# [What this task involves]
Every line of the material is to be reproduced verbatim.

# [Excerpted records]
________
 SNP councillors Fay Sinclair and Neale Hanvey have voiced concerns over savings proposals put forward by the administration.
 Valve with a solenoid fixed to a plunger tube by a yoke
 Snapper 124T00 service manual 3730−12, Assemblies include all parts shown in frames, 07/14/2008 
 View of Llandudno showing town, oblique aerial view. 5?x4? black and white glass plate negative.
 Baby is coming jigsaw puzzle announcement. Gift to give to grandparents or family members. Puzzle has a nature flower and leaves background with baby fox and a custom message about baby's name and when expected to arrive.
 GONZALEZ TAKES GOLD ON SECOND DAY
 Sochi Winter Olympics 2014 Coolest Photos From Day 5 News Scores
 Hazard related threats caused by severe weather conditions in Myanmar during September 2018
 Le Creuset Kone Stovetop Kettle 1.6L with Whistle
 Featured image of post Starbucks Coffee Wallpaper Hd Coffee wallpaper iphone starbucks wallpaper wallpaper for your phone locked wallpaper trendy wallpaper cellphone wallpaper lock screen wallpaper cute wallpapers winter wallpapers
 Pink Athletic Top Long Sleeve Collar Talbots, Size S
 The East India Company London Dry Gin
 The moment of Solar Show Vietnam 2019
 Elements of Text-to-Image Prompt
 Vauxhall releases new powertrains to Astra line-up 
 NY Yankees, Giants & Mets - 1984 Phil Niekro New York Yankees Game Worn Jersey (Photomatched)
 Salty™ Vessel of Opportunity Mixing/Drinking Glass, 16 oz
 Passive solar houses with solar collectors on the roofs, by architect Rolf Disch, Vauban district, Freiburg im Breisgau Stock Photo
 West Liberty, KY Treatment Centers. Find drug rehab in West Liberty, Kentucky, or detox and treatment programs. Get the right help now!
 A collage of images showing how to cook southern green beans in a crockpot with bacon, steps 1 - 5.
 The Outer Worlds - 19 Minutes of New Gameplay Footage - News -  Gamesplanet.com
________
# [Answer to this task]
 SNP councillors Fay Sinclair and Neale Hanvey have voiced concerns over savings proposals put forward by the administration.
 Valve with a solenoid fixed to a plunger tube by a yoke
 Snapper 124T00 service manual 3730−12, Assemblies include all parts shown in frames, 07/14/2008 
 View of Llandudno showing town, oblique aerial view. 5?x4? black and white glass plate negative.
 Baby is coming jigsaw puzzle announcement. Gift to give to grandparents or family members. Puzzle has a nature flower and leaves background with baby fox and a custom message about baby's name and when expected to arrive.
 GONZALEZ TAKES GOLD ON SECOND DAY
 Sochi Winter Olympics 2014 Coolest Photos From Day 5 News Scores
 Hazard related threats caused by severe weather conditions in Myanmar during September 2018
 Le Creuset Kone Stovetop Kettle 1.6L with Whistle
 Featured image of post Starbucks Coffee Wallpaper Hd Coffee wallpaper iphone starbucks wallpaper wallpaper for your phone locked wallpaper trendy wallpaper cellphone wallpaper lock screen wallpaper cute wallpapers winter wallpapers
 Pink Athletic Top Long Sleeve Collar Talbots, Size S
 The East India Company London Dry Gin
 The moment of Solar Show Vietnam 2019
 Elements of Text-to-Image Prompt
 Vauxhall releases new powertrains to Astra line-up 
 NY Yankees, Giants & Mets - 1984 Phil Niekro New York Yankees Game Worn Jersey (Photomatched)
 Salty™ Vessel of Opportunity Mixing/Drinking Glass, 16 oz
 Passive solar houses with solar collectors on the roofs, by architect Rolf Disch, Vauban district, Freiburg im Breisgau Stock Photo
 West Liberty, KY Treatment Centers. Find drug rehab in West Liberty, Kentucky, or detox and treatment programs. Get the right help now!
 A collage of images showing how to cook southern green beans in a crockpot with bacon, steps 1 - 5.
 The Outer Worlds - 19 Minutes of New Gameplay Footage - News -  Gamesplanet.com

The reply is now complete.